Charlie B. Arrowood and his wife, Muriel Robbins Arrowood, of Caroleen, remember a lot about the mill and mill village there. He started work in the summer in the Caroleen Plant as a sweeper at the age of eleven. He worked barefooted from daylight to dark at fifty cents a day. The next summer, he worked for fifty-five cents a day, still barefooted. In those years, the five cents’ raise was across the board to supervisor and mill-hand alike, regardless of position, and given each year.

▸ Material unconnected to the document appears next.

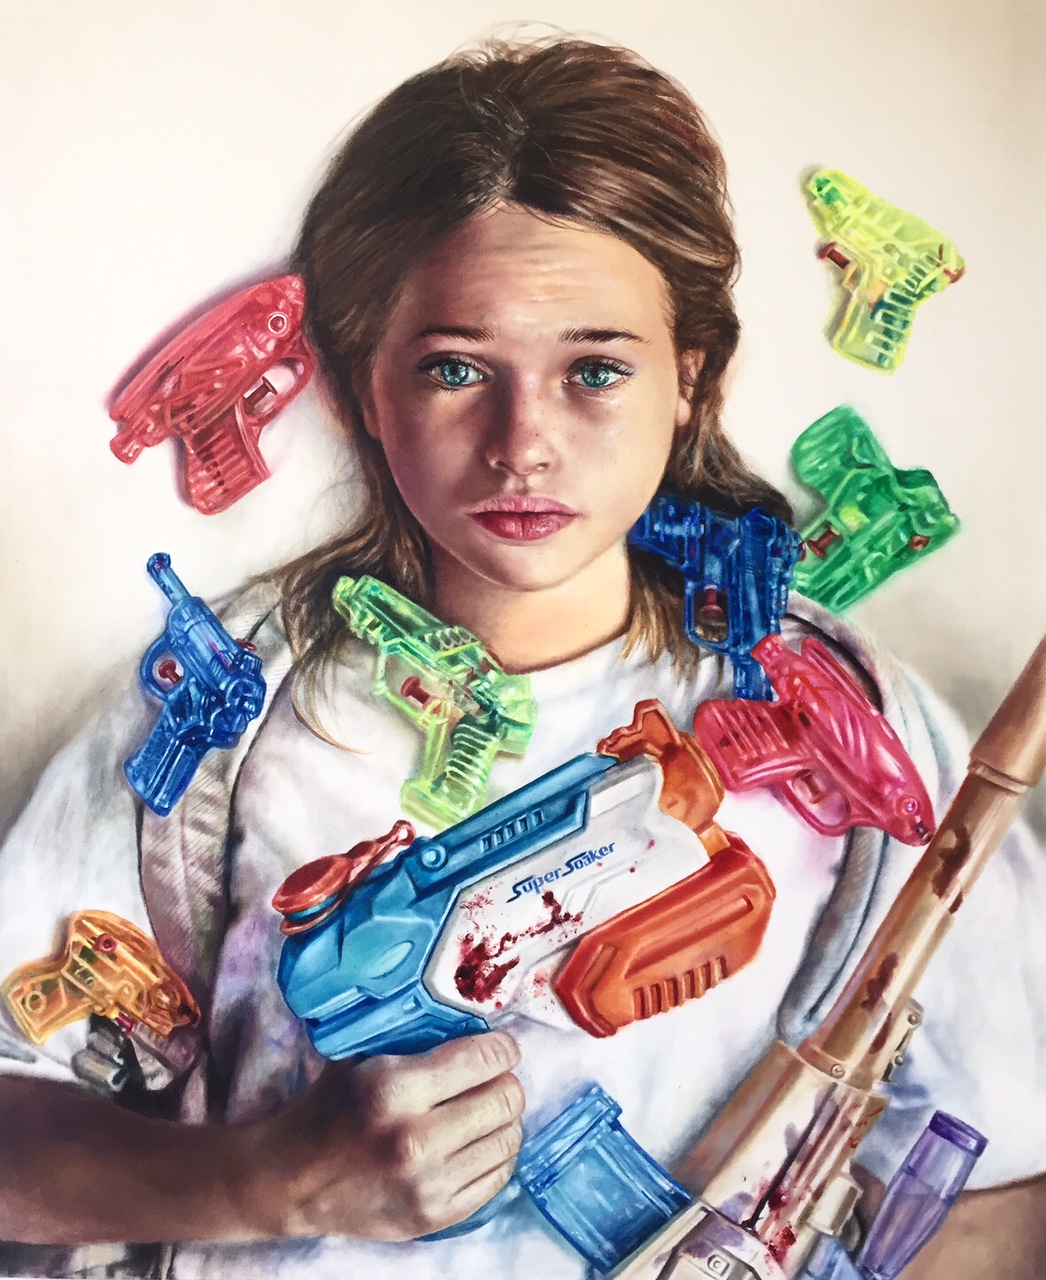 Toy Guns 2017 Saatchi gallery, private collector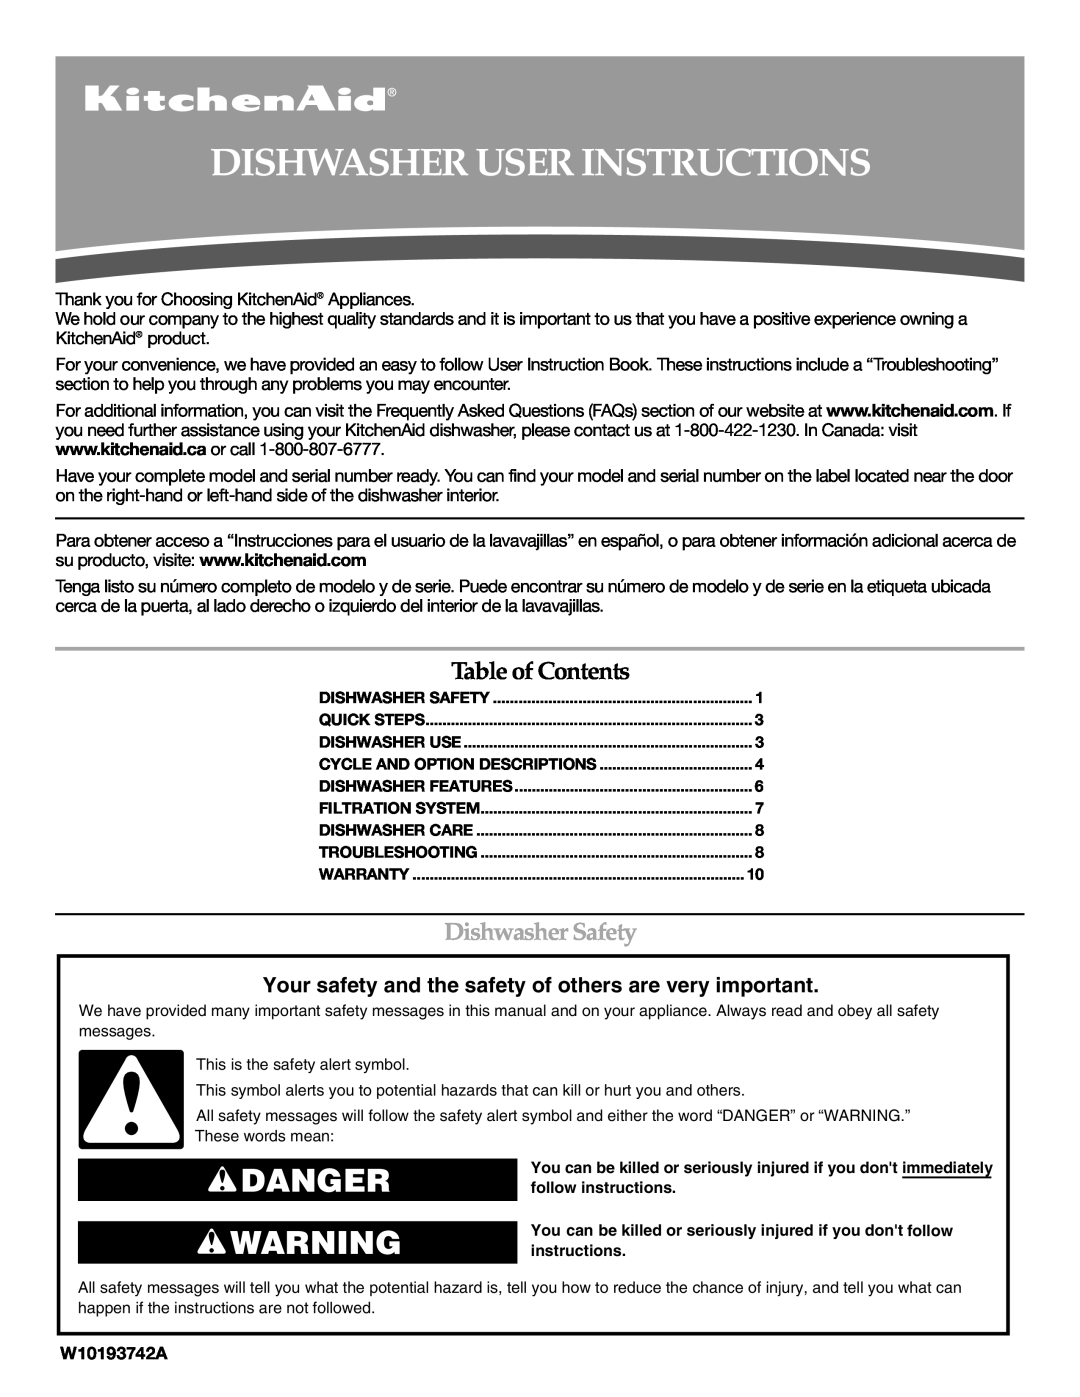 KitchenAid KUDE03FTSS warranty Dishwasher User Instructions, Danger, Table of Contents, Dishwasher Safety, W10193742A

Charlie Arrowood knew the mechanical aspects of the mill. The entire power for the plant once came from water and steam. Floodgates regulated the amount of water behind the dam. A long, threaded metal screw, more like a metal rod, extended downward through a hole in a section of the dam, with an upright baseboard attached at the bottom to serve as the floodgate. Three or four men would insert boards as handles into receptacles on the top of the screw where it extended above the top of the dam, and they would walk in unison on a platform in the same circular direction to turn the screw up, raising the board into a slot, and letting the water flow through a hole in the bottom of the dam, or to tighten the screw, making the board go downward and covering the hole, hold more water behind the dam.
Water was diverted into a “race”, a small canal leading from the dam to the mill’s water wheel, and then back into the river at the “tail race.” There was a platform over the race just before where the water reached the wheel, and, underneath, debris was trapped by a kind of grate before reaching the wheel, and would be raked out.
Before there was electricity in the mill, employees worked by lantern light, and for many years, there was no running water in the mill, either. Mr. Arrowood remembers when all the drinking water was pumped into the mill by hand from a nearby well. The water was collected in buckets, and everyone drank from a common dipper. Later, the water was run into an ice cooler, with ice from the company’s own ice plant.
Mrs. Arrowood worked at the Caroleen Mill also, starting at sixteen. She said, that at one time, she thought she knew everyone in Caroleen.